Please repeat exactly the lines below from the line with "Bianco del Veneto Colle dei Tigli Lenotti" to the line with "Jesejevo stablo (porodično", including both, and leave out every picture.

BEGIN PROVIDED DATA

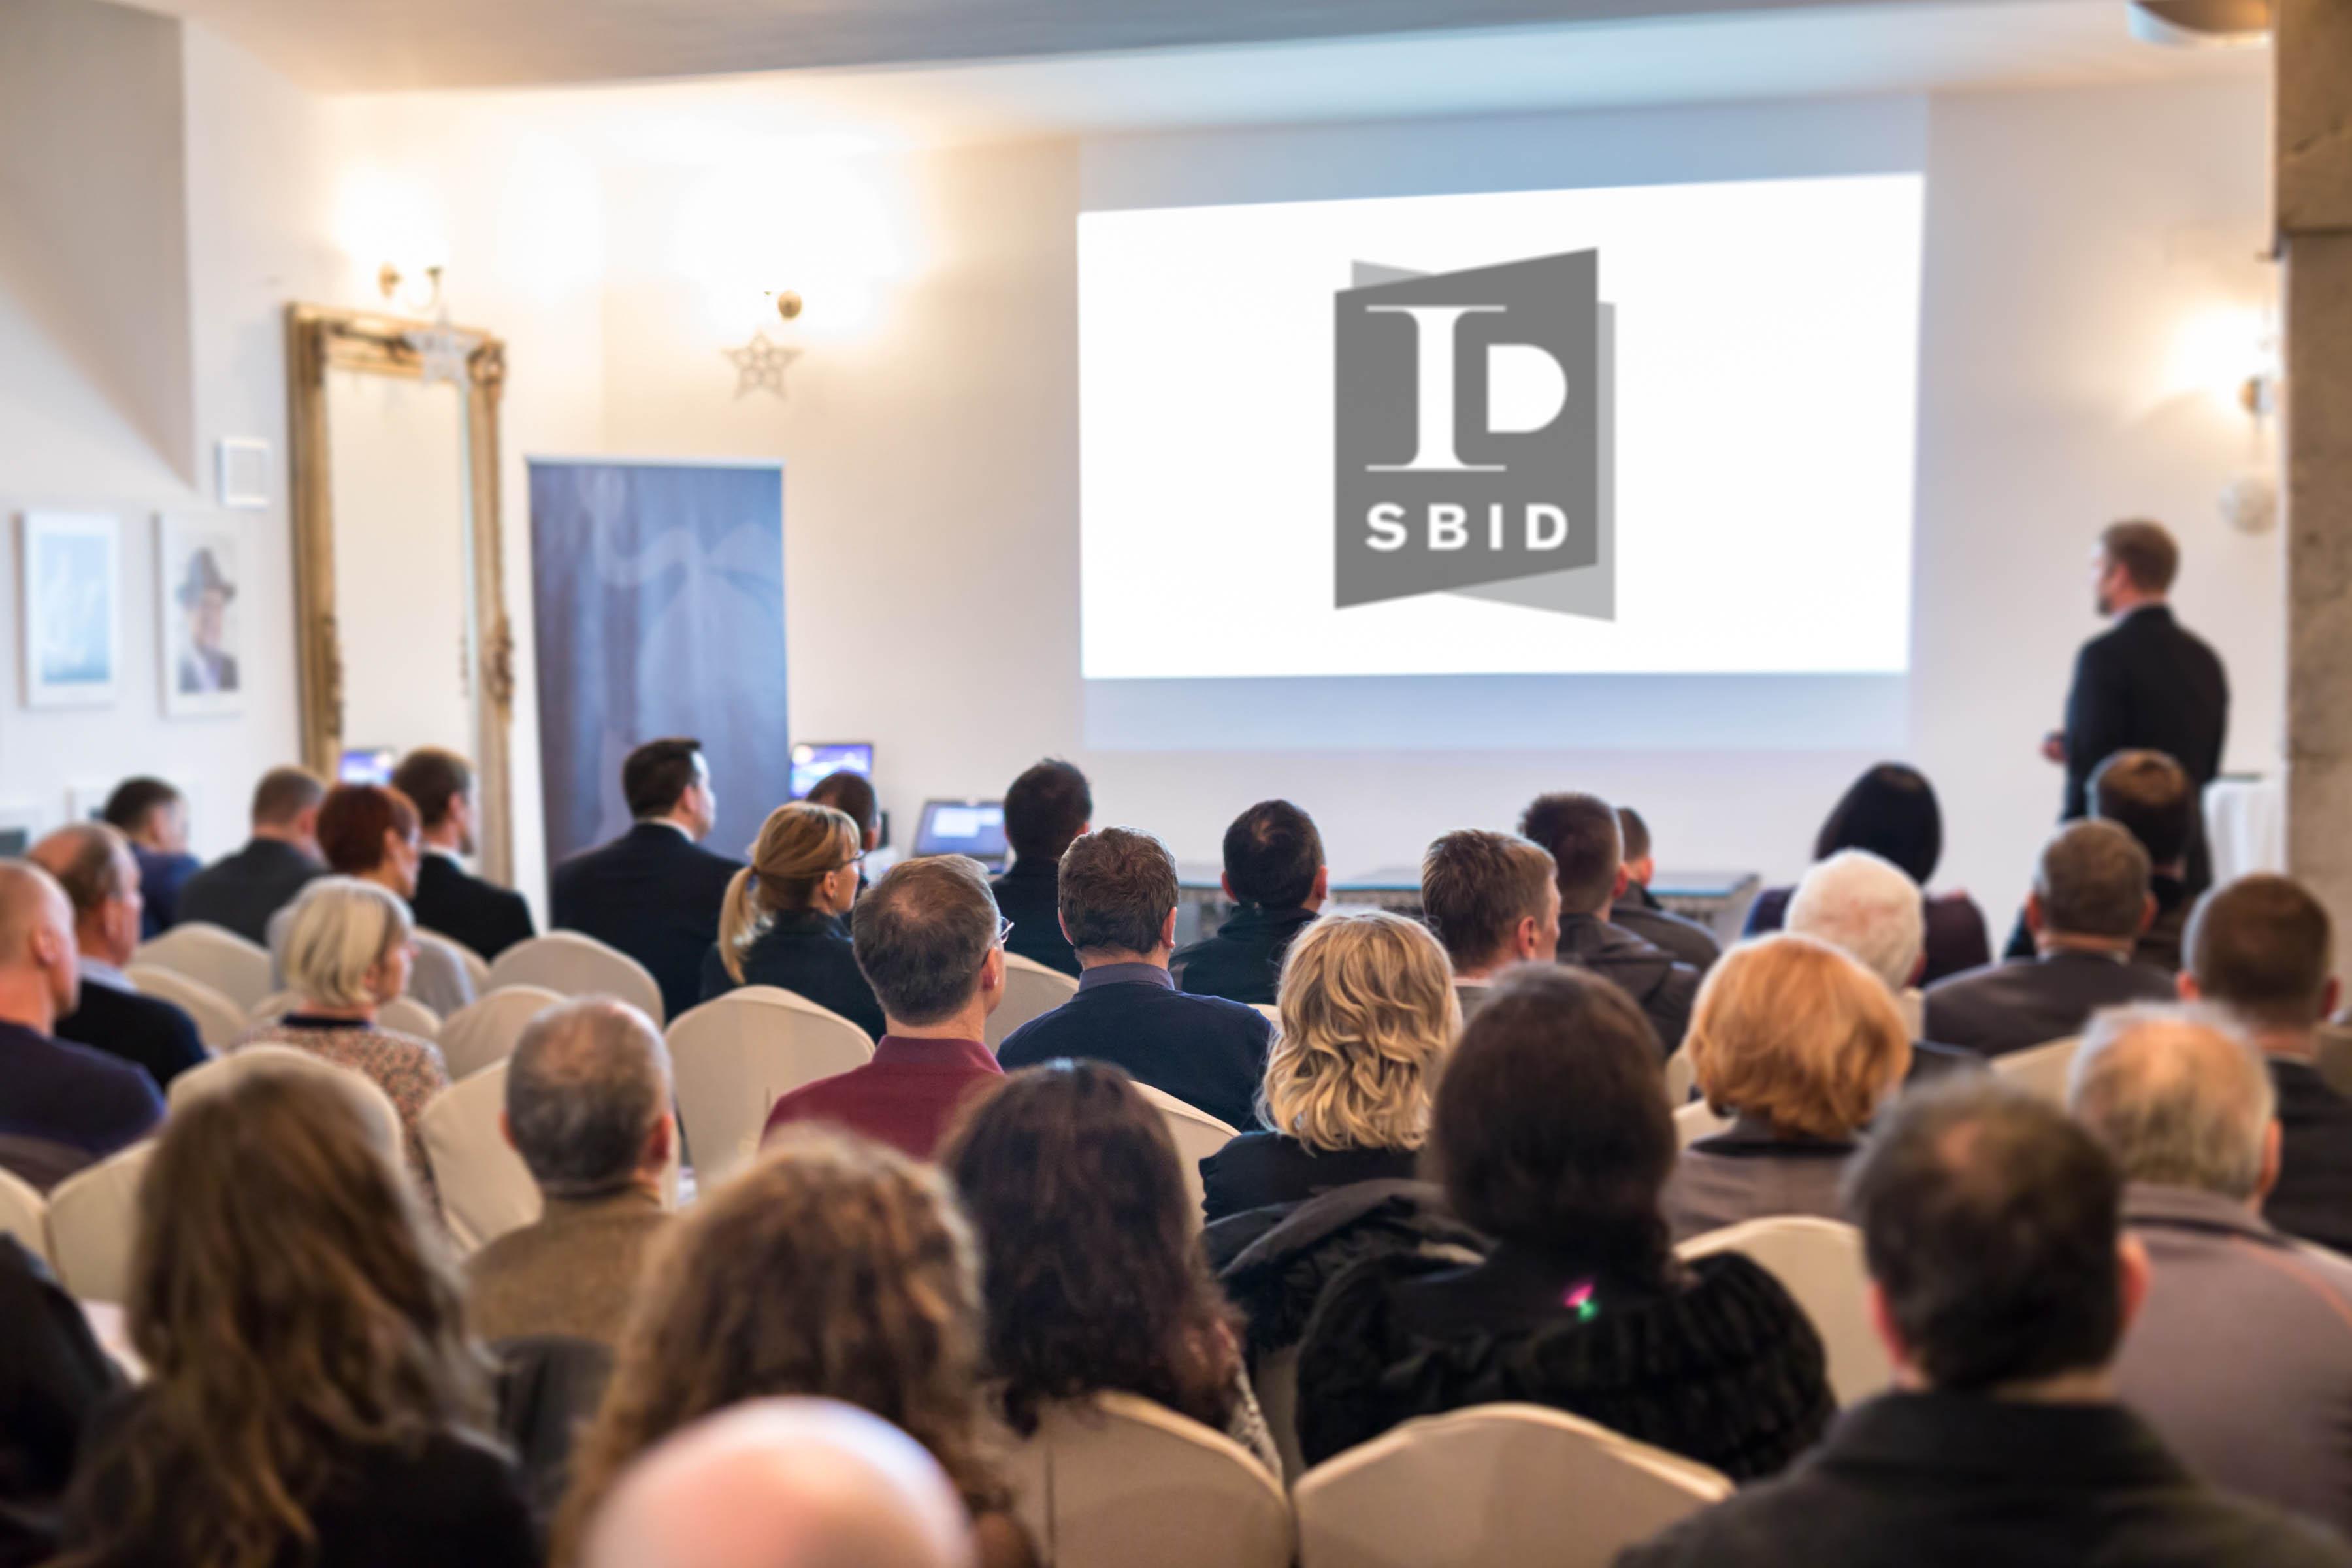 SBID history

END PROVIDED DATA
BEGIN PROVIDED DATA

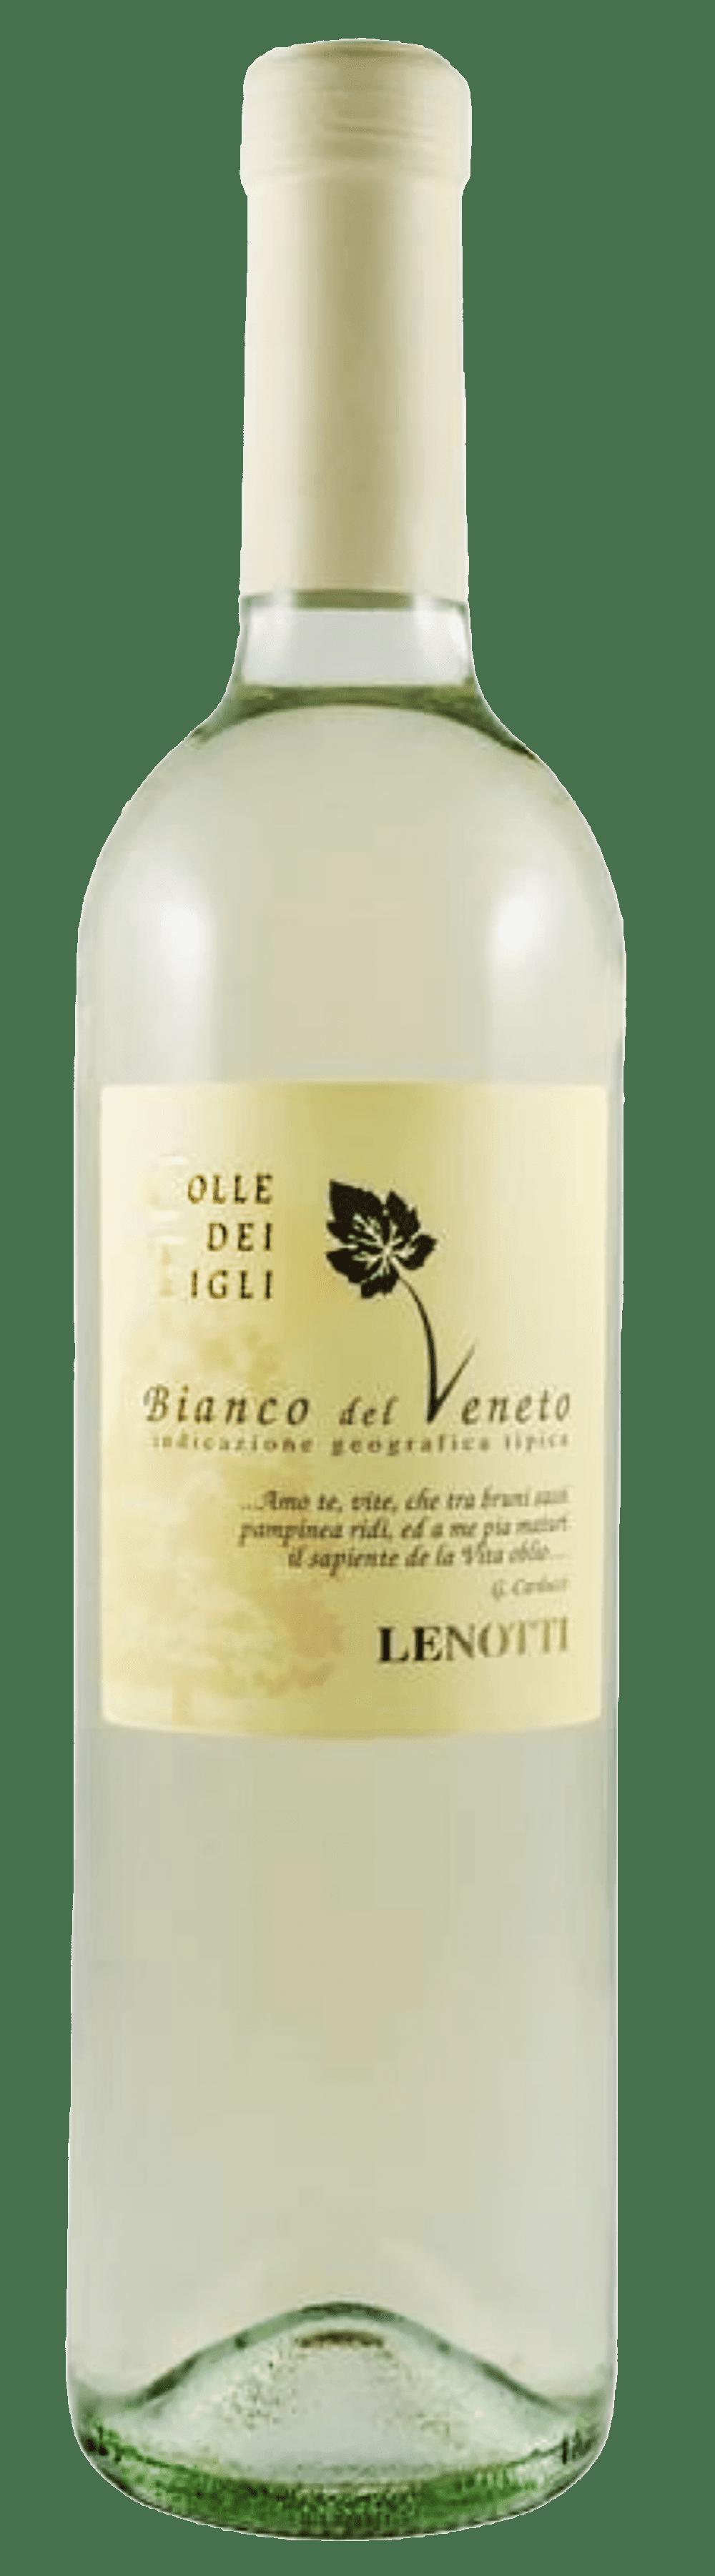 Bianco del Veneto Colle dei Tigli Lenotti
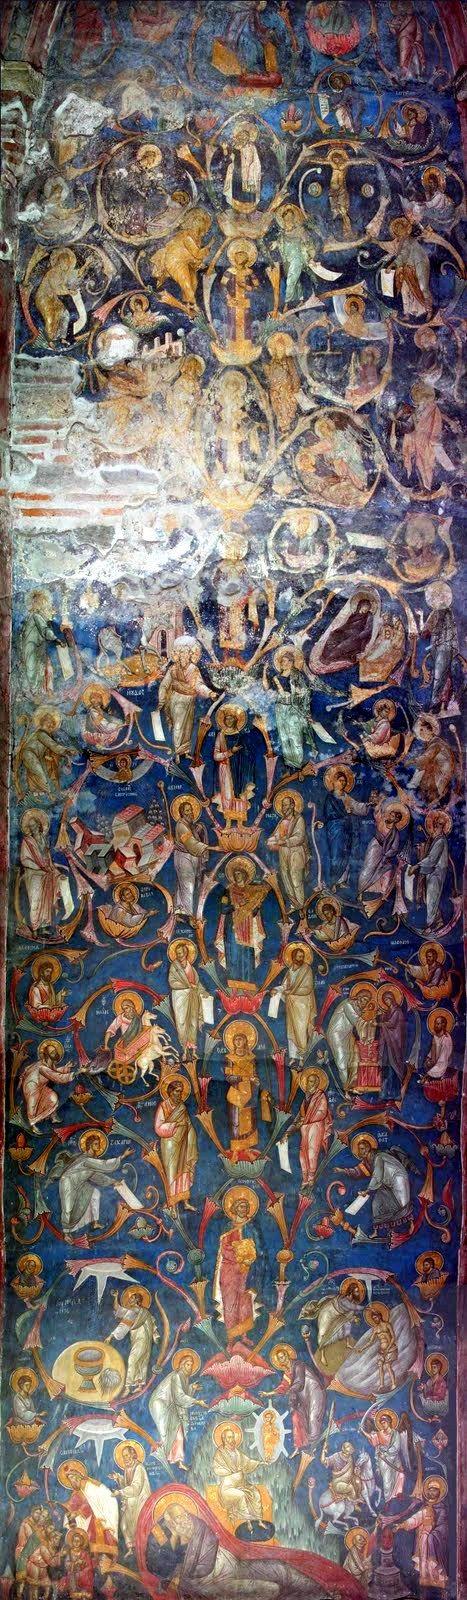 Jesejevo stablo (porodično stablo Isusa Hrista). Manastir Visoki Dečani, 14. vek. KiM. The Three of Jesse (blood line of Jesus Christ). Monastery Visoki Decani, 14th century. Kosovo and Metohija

END PROVIDED DATA
BEGIN PROVIDED DATA

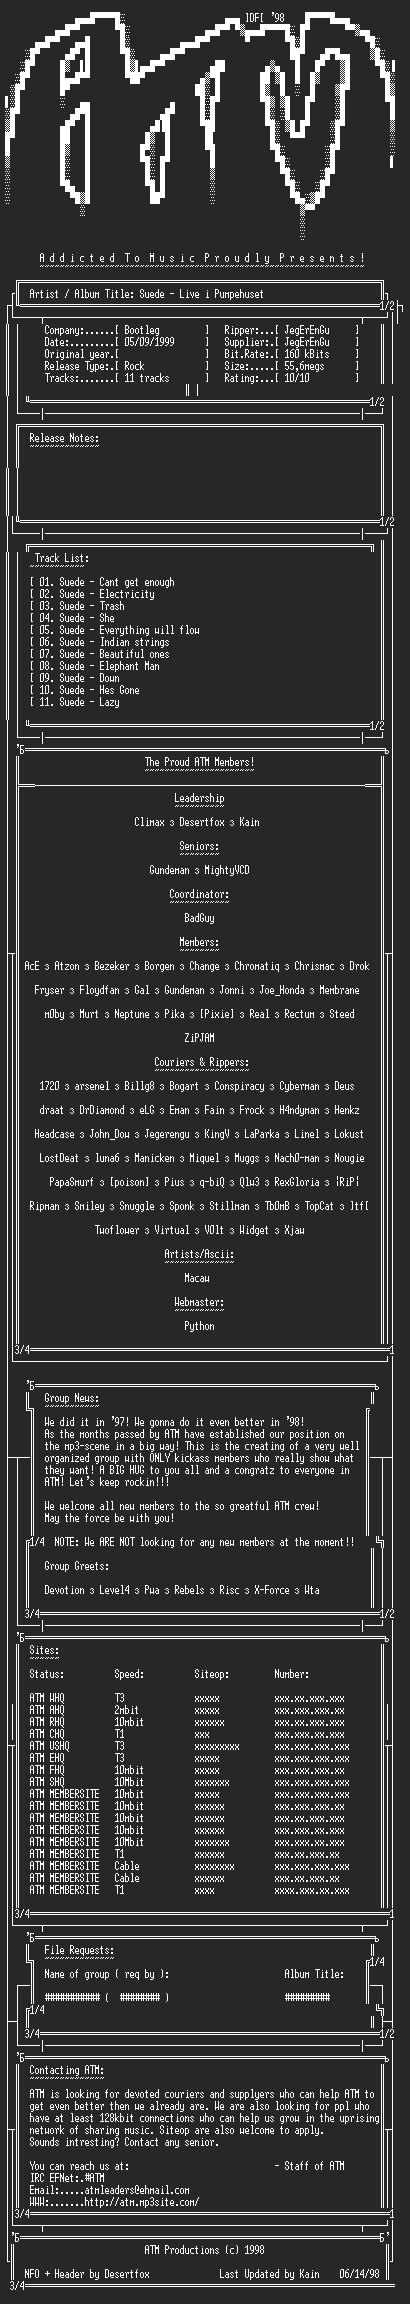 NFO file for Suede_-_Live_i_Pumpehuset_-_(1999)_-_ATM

END PROVIDED DATA

SOLVED EXERCISE
 Bianco del Veneto Colle dei Tigli Lenotti
 Jesejevo stablo (porodično stablo Isusa Hrista). Manastir Visoki Dečani, 14. vek. KiM. The Three of Jesse (blood line of Jesus Christ). Monastery Visoki Decani, 14th century. Kosovo and Metohija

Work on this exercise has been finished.